So, let's see how these actually translate into patch best practices. So, we have these actually laid out into four generic categories what we like to call "Laying the Groundwork," "Before Patch Tuesday," "On Patch Tuesday," and "After Patch Tuesday." Now before I even get too far, I expect to see a message or a question pop in here and say, "Well what about Windows 10? Does Patch Tuesday go away?" And we know a lot of those things are gonna be changing here once Windows 10 is released at the end of next month. But realistically there will always be an Update Tuesday depending on which tier or which channel or update channel you're subscribed to. At least through the end of support for Windows 7 which is all the way out to 2020, Window 7 updates will still be released on a Patch Tuesday schedule. 
So, Patch Tuesday absolutely is still important if for no on that reason than to set a monthly cadence for your patch best practices. Realistically would it be great if you had your patches rolled out every two weeks? That would be fantastic, or even on an automated fashion, we can talk about that in a little bit here too. But if you're even getting to a monthly cadence marked by the second Tuesday of the month, you're gonna be better off than a lot of organizations out there. So, we still like to call this our groundwork for the patch best practices, laying the groundwork before Patch Tuesday, and on Patch Tuesday, then after Patch Tuesday.
So, as we talked about in laying the ground work, first thing you want to do is just discover your assets. I mean, identify all the hardware and software on your network and categorize them by platform, application department, whatever works in your environment. Start to do some maintenance, agent maintenance on those endpoints, make sure that all the assets in the network have been fully installed with an automated patching solution. Install any new patch management agents or your Windows System Center client make sure that's fully functioning on those end points. Make sure that Windows update is configured to receive those updates. So. this is all around again, in laying the groundwork this talks to those first two back to basics from the SANS Institute. Know your environment, know what's on those devices.
It's also important to start to classify your value and risk.
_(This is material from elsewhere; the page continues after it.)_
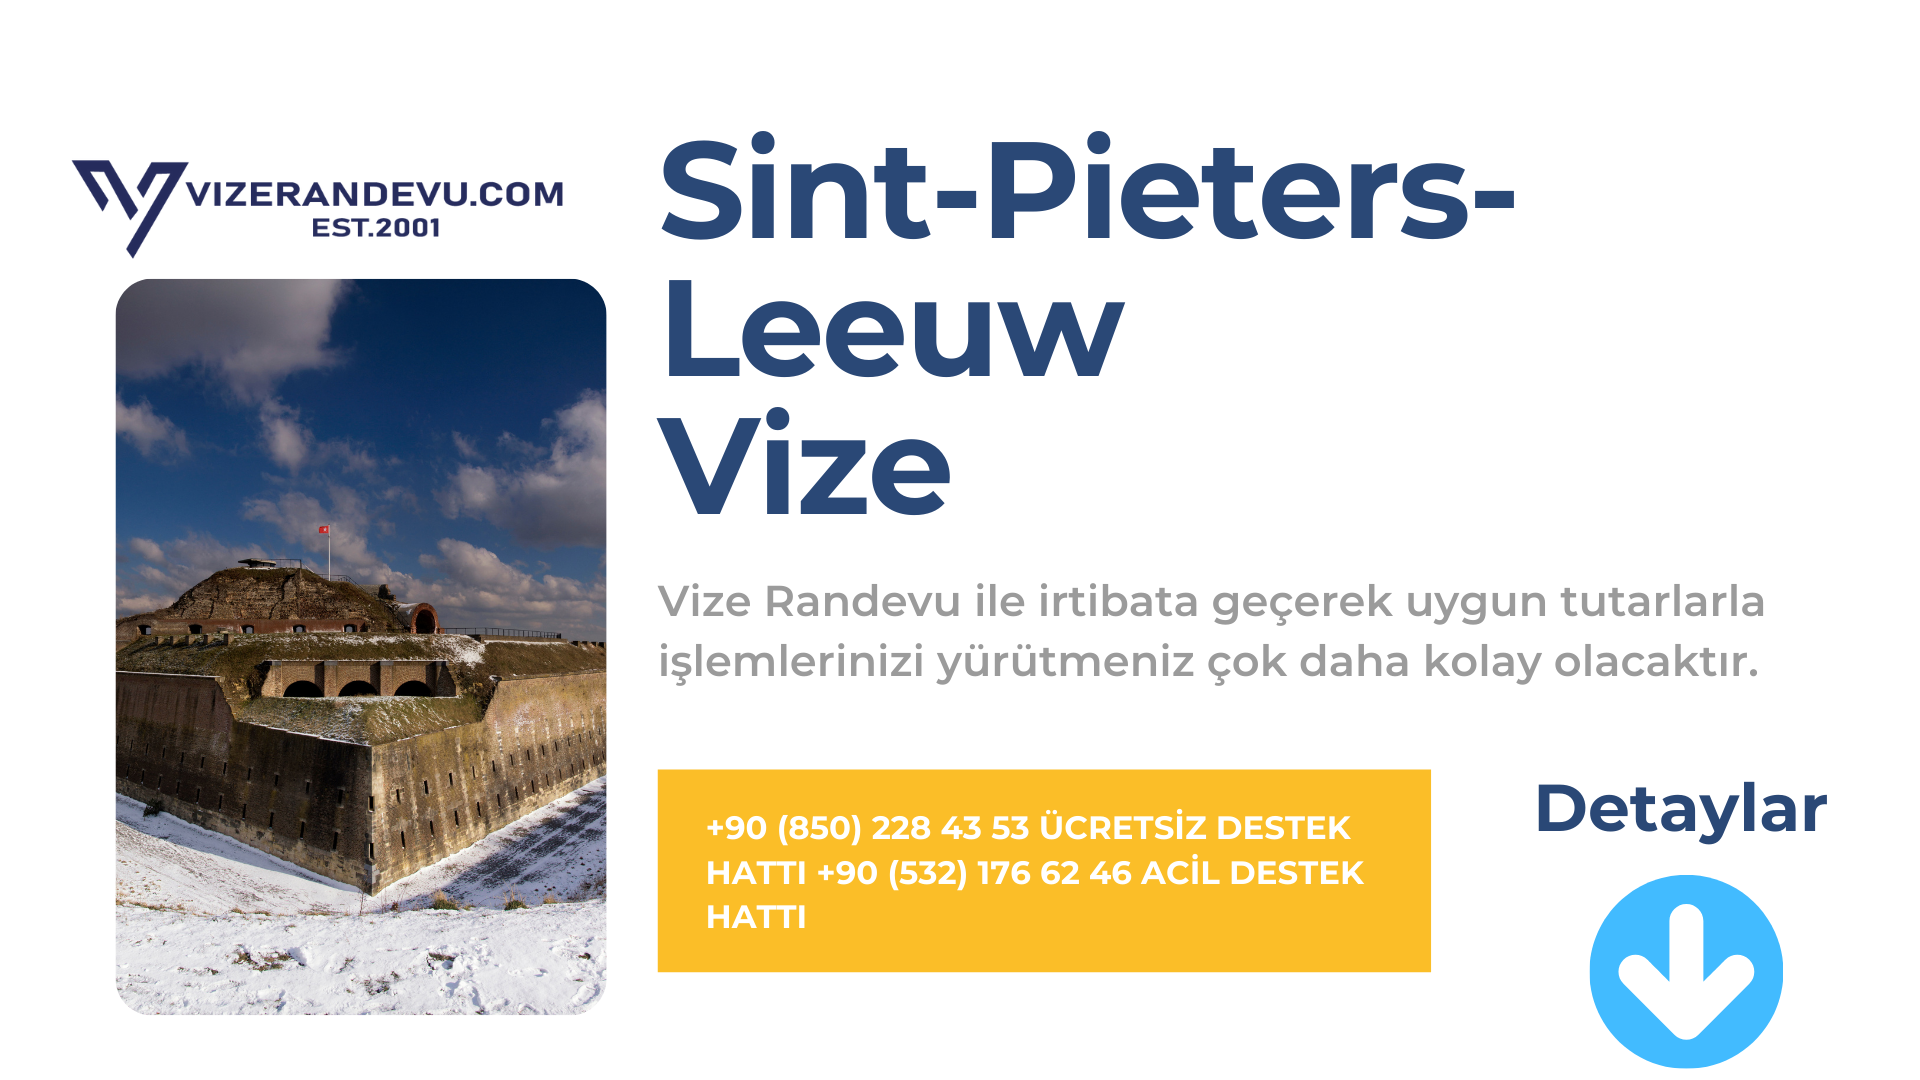 Sint-Pieters-Leeuw Vize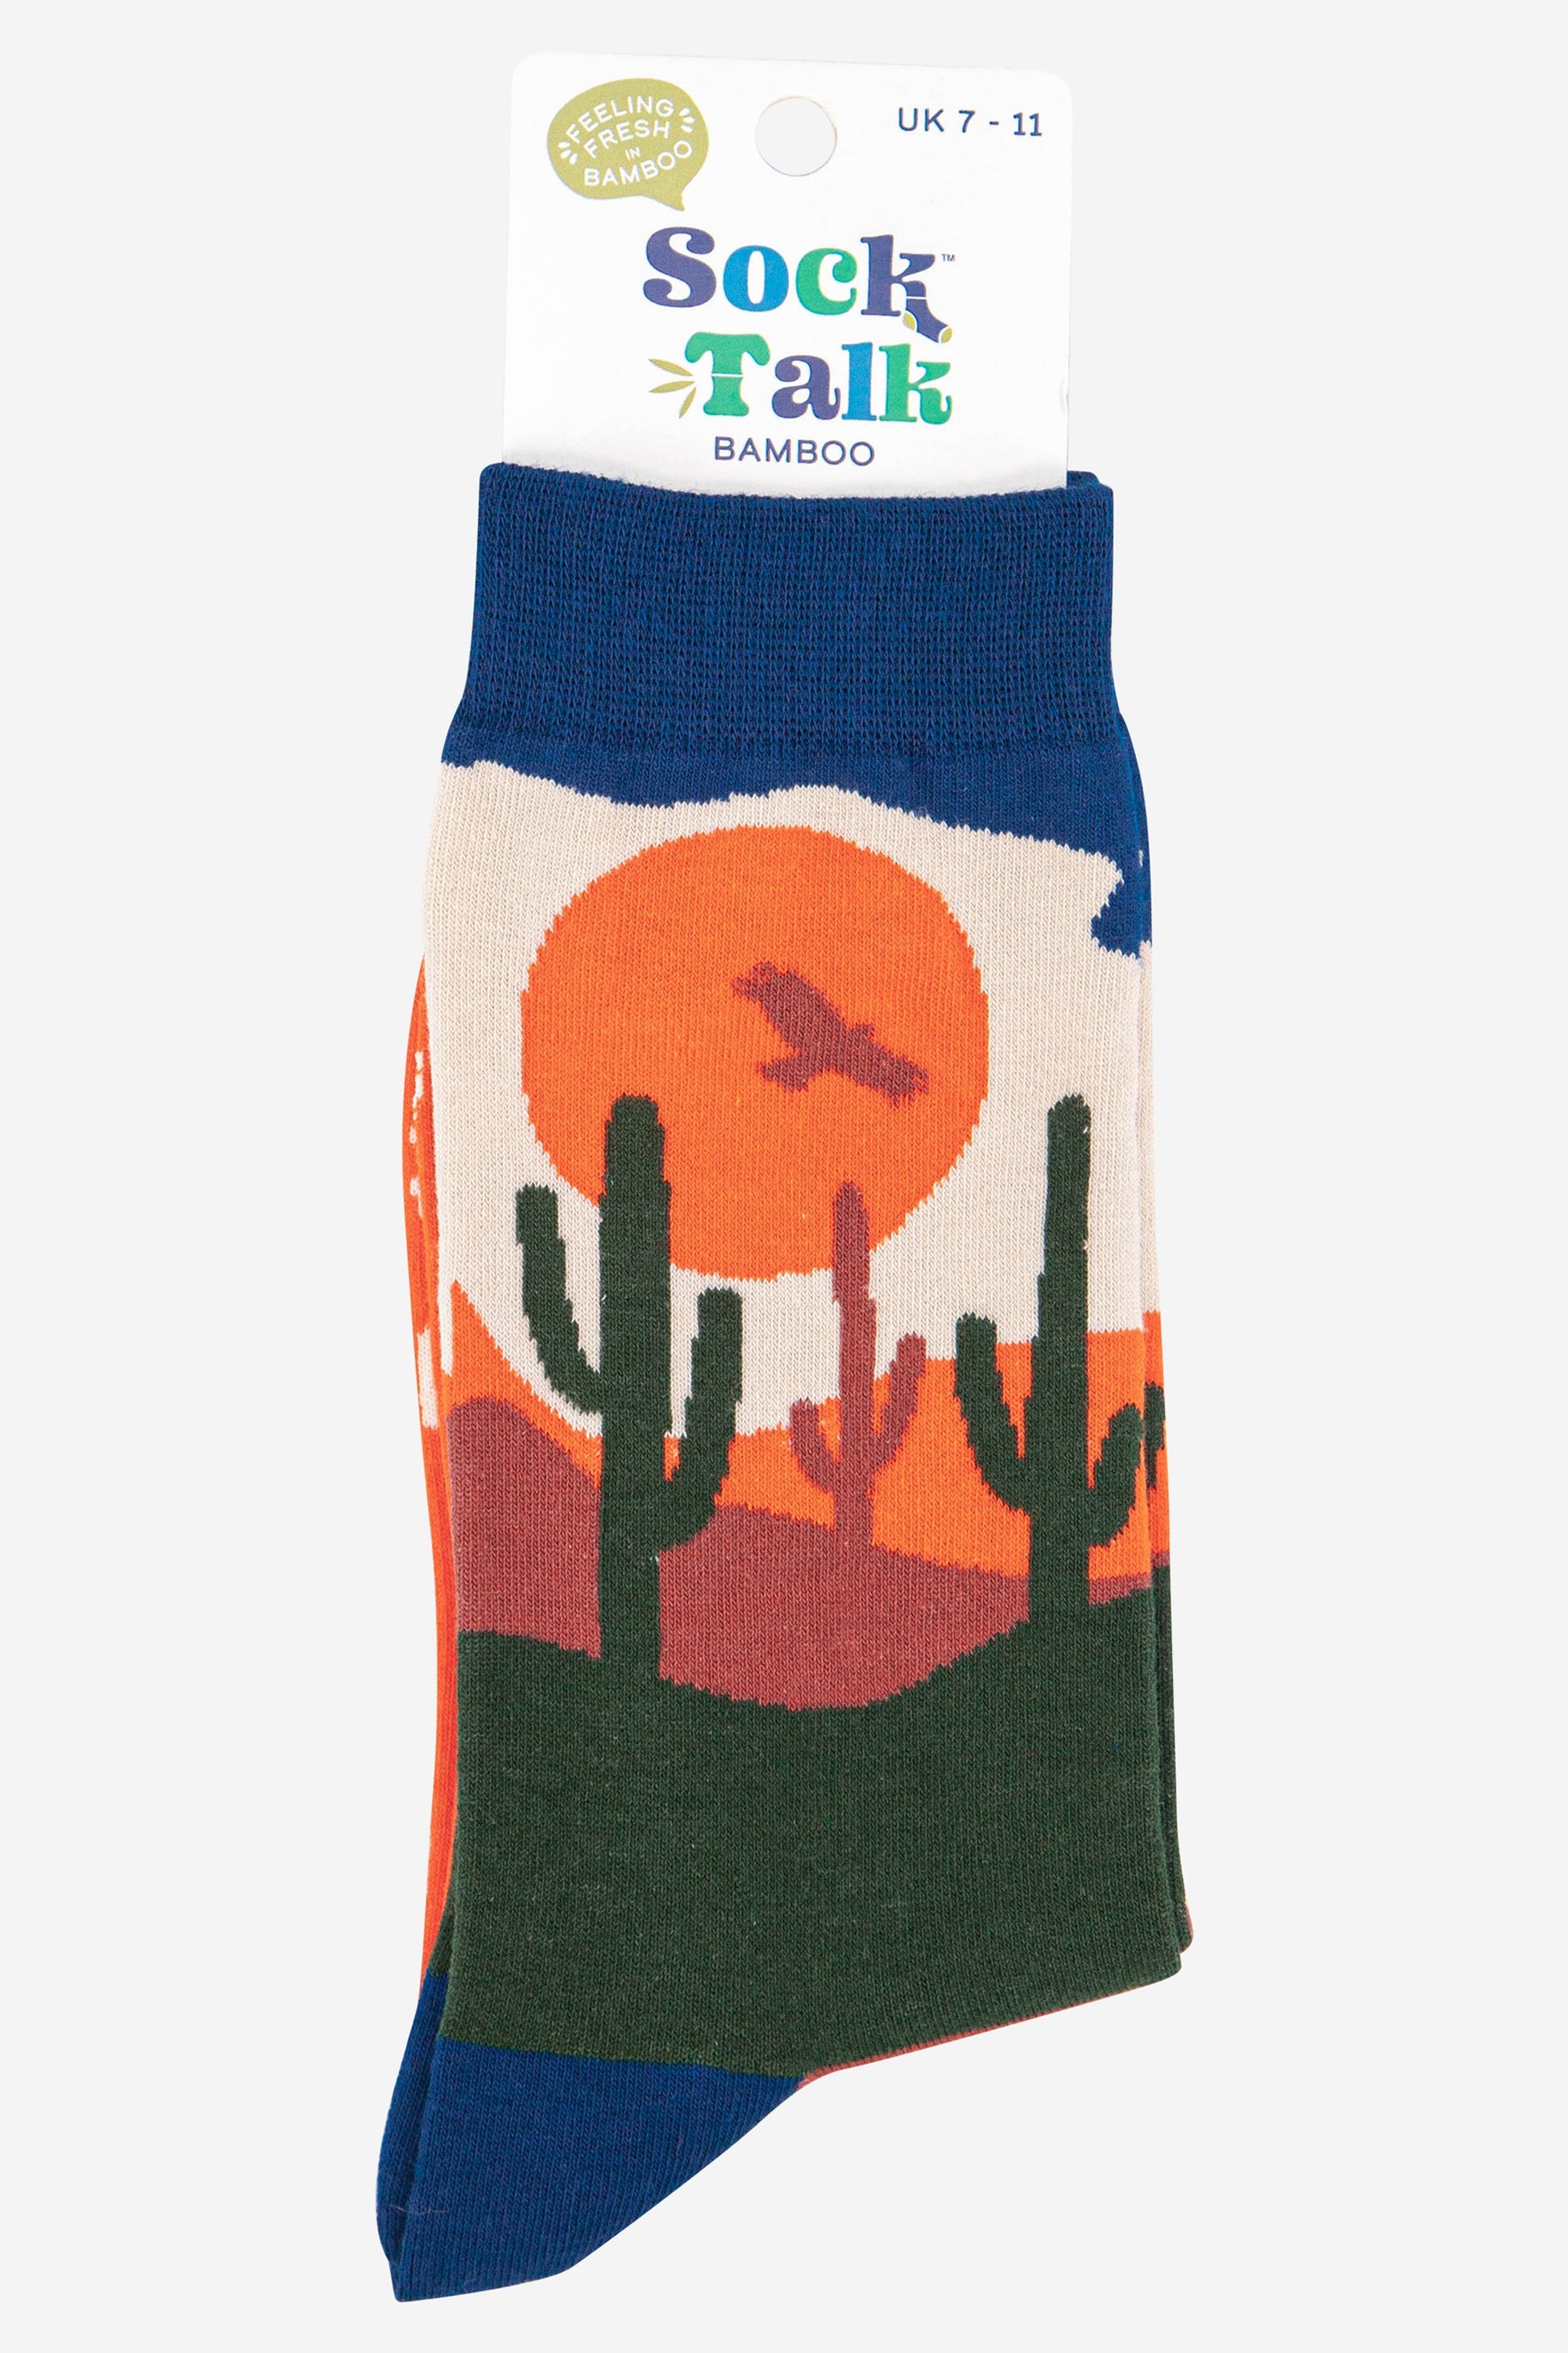 mens wild west desert scene bamboo socks uk size 7-11

Determine which of those systems are the most critical to protect based on the assets that are housed or the function that they provide, to define this level of risk by criticality of the system and help and prone it is to attack. Remember, the highest priority machines are gonna be where the data is located. This is all around understanding your environment. And this needs to be done in cooperation between IT and the business, right? IT understands the network, IT understands the assets that are in the network, but they really need to be working with the business to understand where is that business-critical information stored so that they can have the highest priority or the highest security levels on those machines. 
Now, that doesn't mean you're gonna be targeting those machines to be patched first, but you wanna make sure that those machines are patched in an expedient fashion after the patches are fully tested.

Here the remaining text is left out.